Well, Aares, you’re in a pretty enviable position for a young guy in college, having 65-70k to work with, a very low debt-to-income ratio, and good credit. Do you want to flip, or do you want to buy/fix/rent?
I’d say that flipping for the retail market is a pretty involved thing, and perhaps not where you want to start. You’d need to do a first-class rehab, stage the house, work with a listing agent, understand financing in order to guide your end buyer, etc.
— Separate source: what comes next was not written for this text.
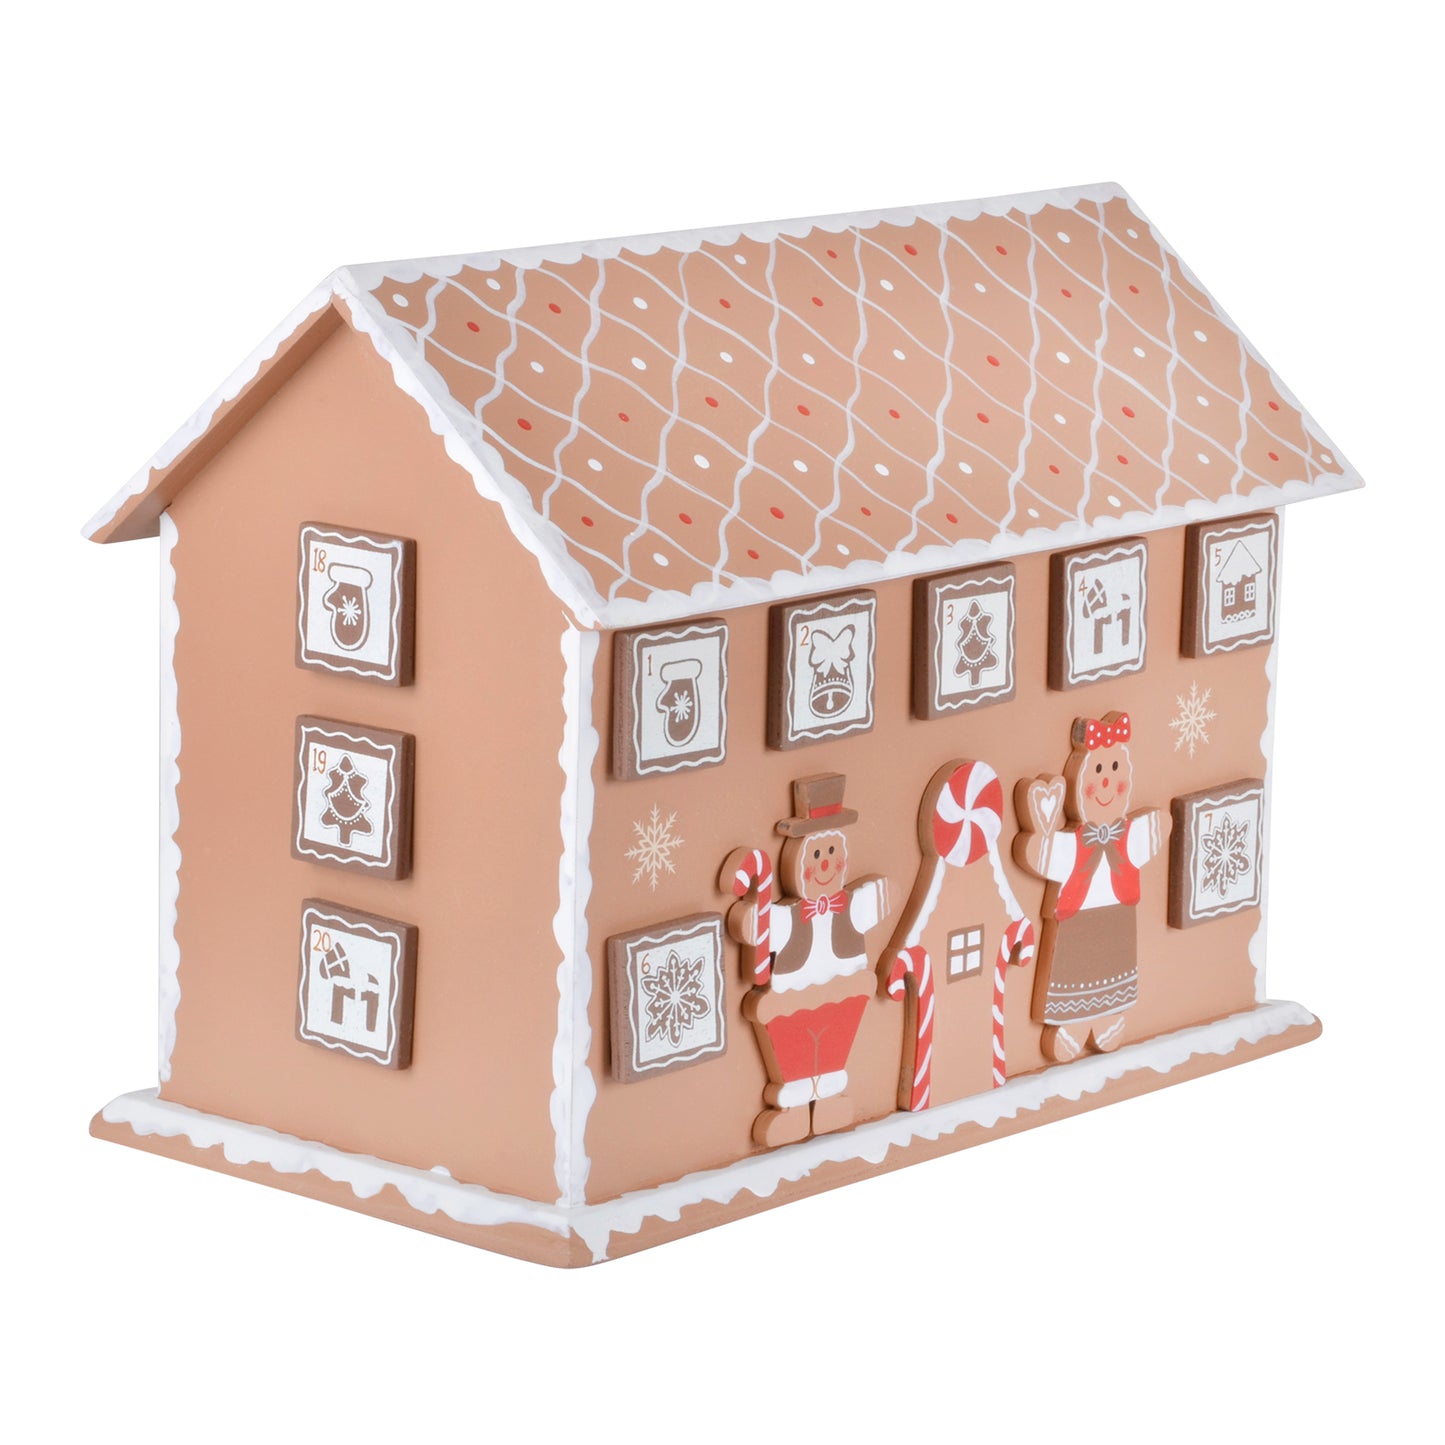 Mr Crimbo Novelty Gingerbread House Wooden Advent Calendar - MrCrimbo.co.uk -XS4506 - -advent

Why don’t you FIRST talk to some local banks, and see if you would be a candidate to get a loan to purchase and rehab an REO, and keep it as a rental for now. (You’ll need to tell the banker you’re looking for a portfolio/in-house loan for at least a 5-year term, or if you’re buying a Fannie Mae REO you might be eligible for a conventional rehab loan).
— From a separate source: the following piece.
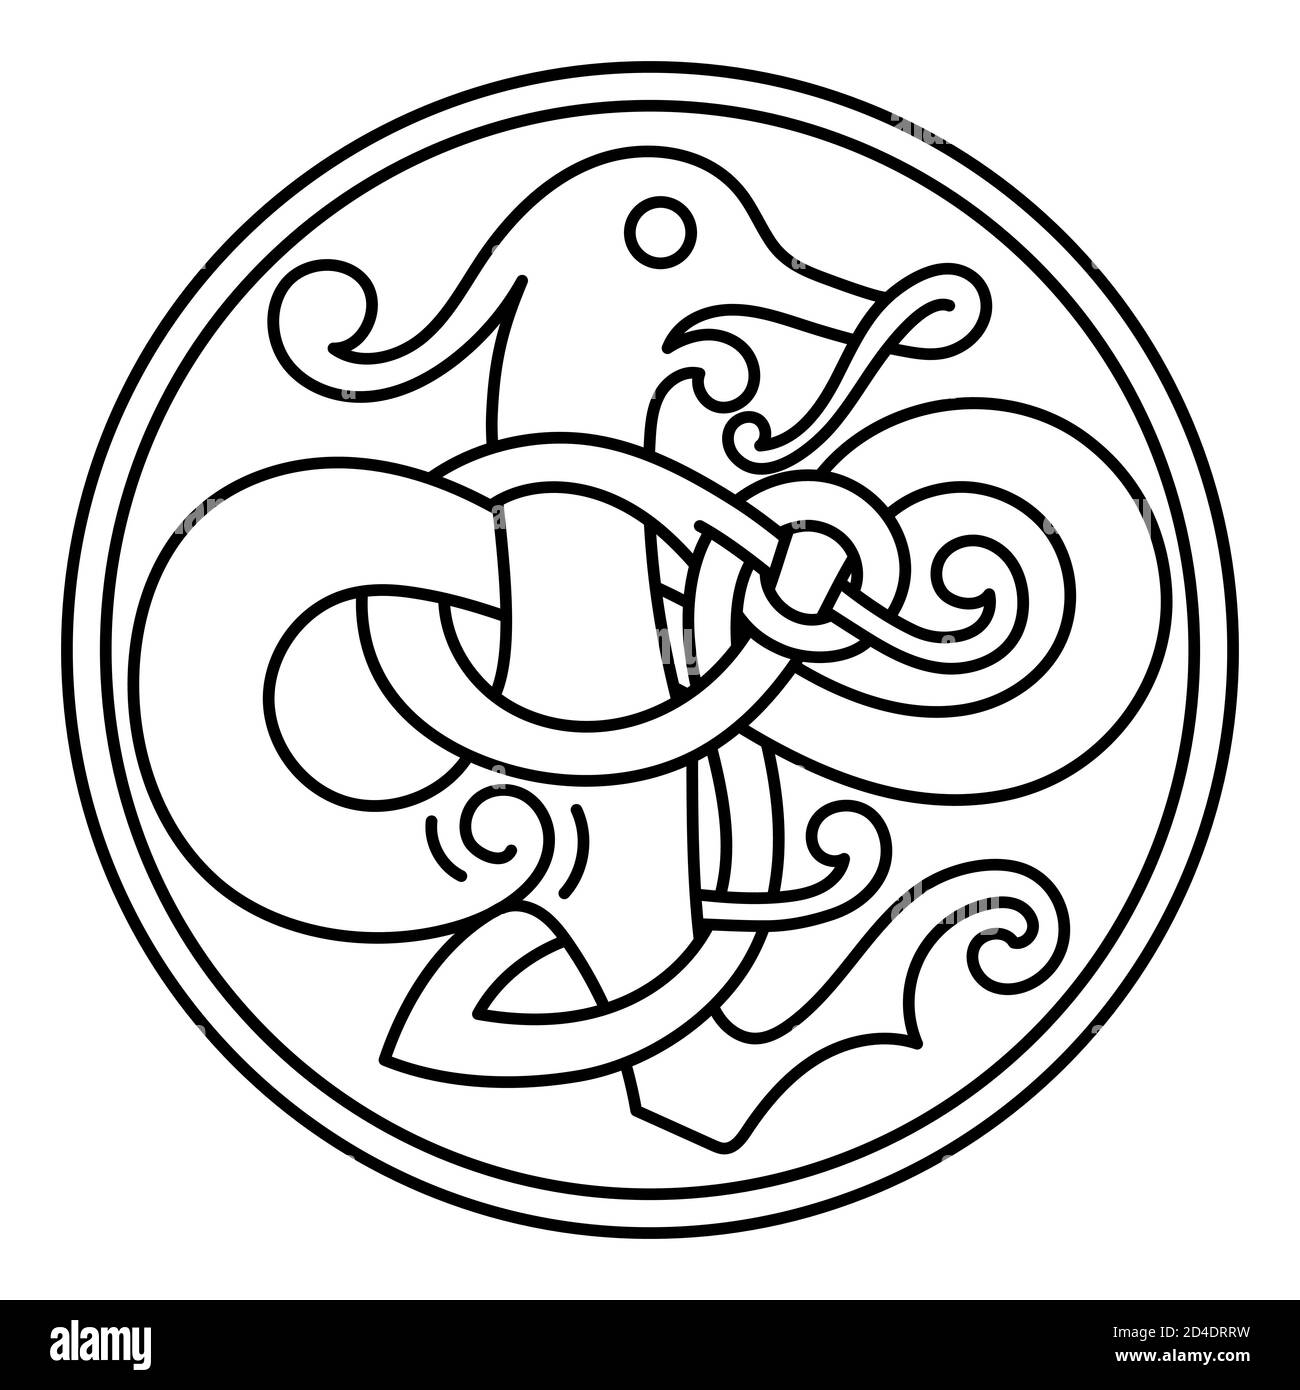 Vintage Dragon. Illustration in the Scandinavian Celtic style Stock Vector

You’ll get great experience in tenant/property mgmt, and working with a bank and contractor. Look for a property in an area where you could potentially sell if you needed to. This means verifying that there have been some sales to retail buyers (i.e. not foreclosures or REO sales) in the prior few months. Try to find a property where your gross rent yield will be at least 20%-25% (mthly rent divided by purchase+rehab+closing cost). This should ensure solid positive cash flow, and should deliver a return on your 25% downpayment of 20%+).
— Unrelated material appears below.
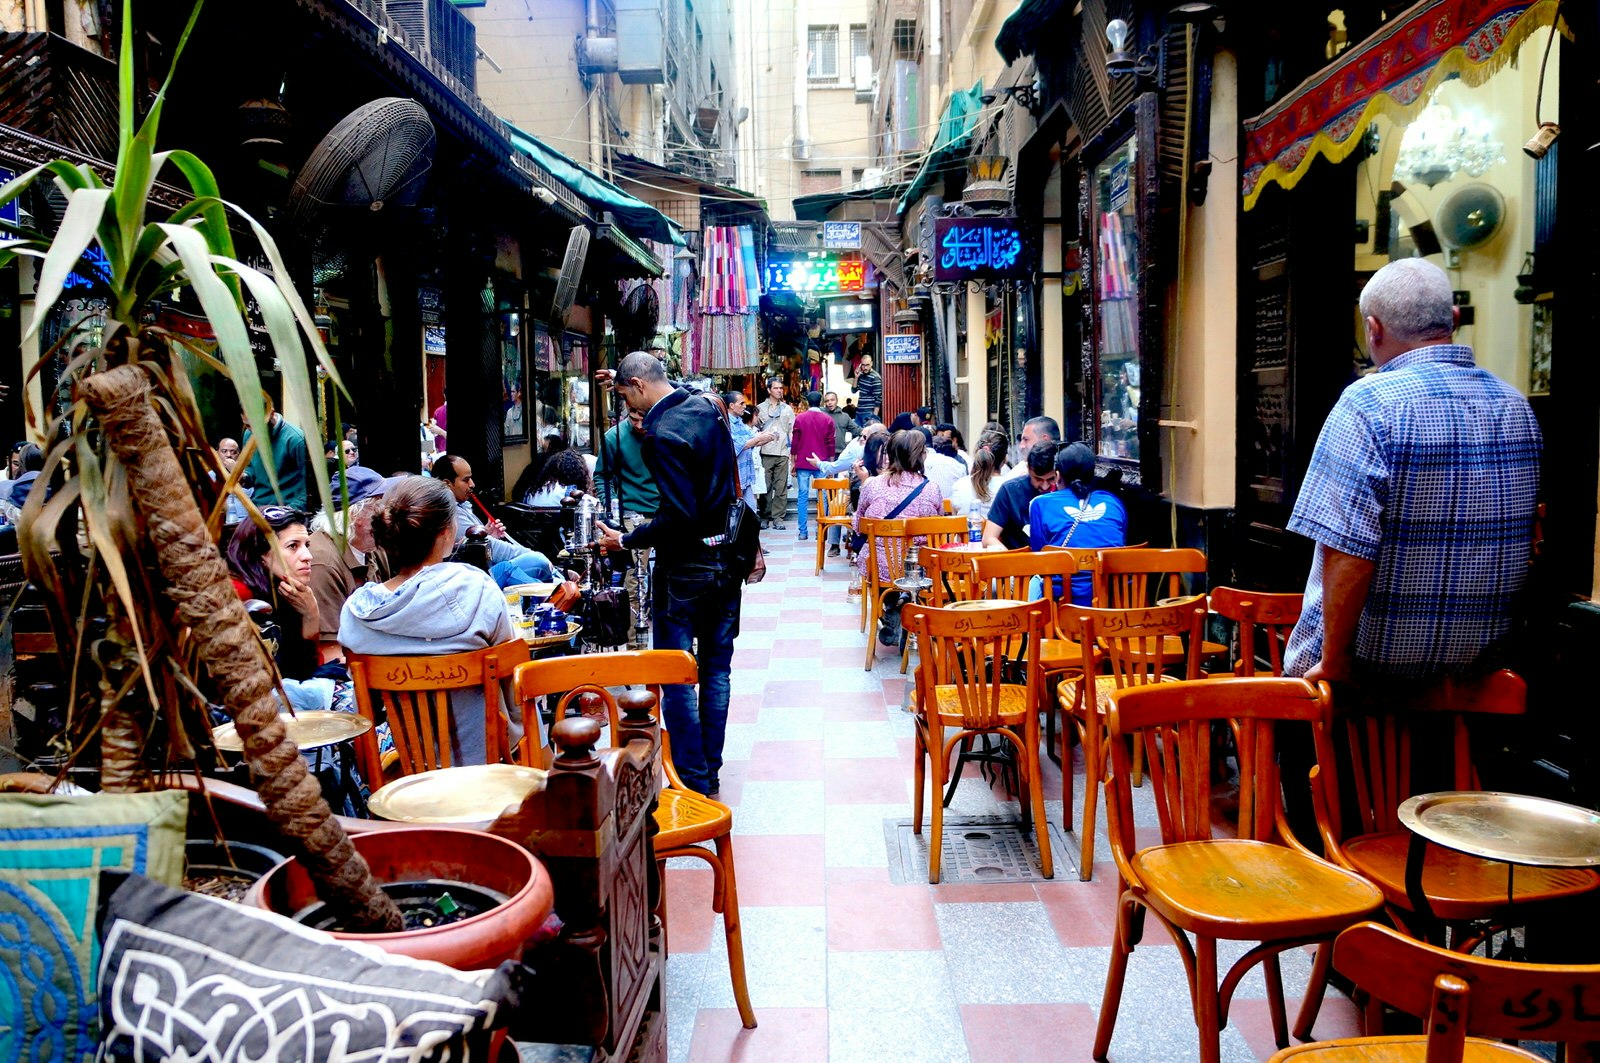 People relaxing and smoking shisha at Qahwet Fishawi (Fishawi's Cafe) in Khan Al Khalili, Cairo. Image by Karima Hassan Ragab / Lonely Planet

You want to begin holding a rental as soon as possible, because lending channels will open up for you further after you have two years of experience. As you get comfortable with RE investing, maybe a year down the road, then look at flipping. It’s a very complementary business to buy&hold, and will allow you to grow your investment capital much more quickly. Hopefully the local bank you’re working with will do a rehab loan for your flip. Many banks will do these types of short term loans, it’s the long-term stuff that they’re leery about. The bank will give you much better rates/terms than a hard money lender (maybe 7% and 1 point, versus 12% and 4 pts with a hard money lender).
Good luck. Be patient, and very aggressive on your bidding. Make sure you’re buying below market on the front end, such that your total all-in costs on the property will be 25-35% below market value after you’ve rehabbed it. Make sure you use good reliable comps (look at sales within last 6 mths, and within 1-2 miles of your subject property, in neighborhoods you know are similar to your subject property) to validate this, BEFORE you buy.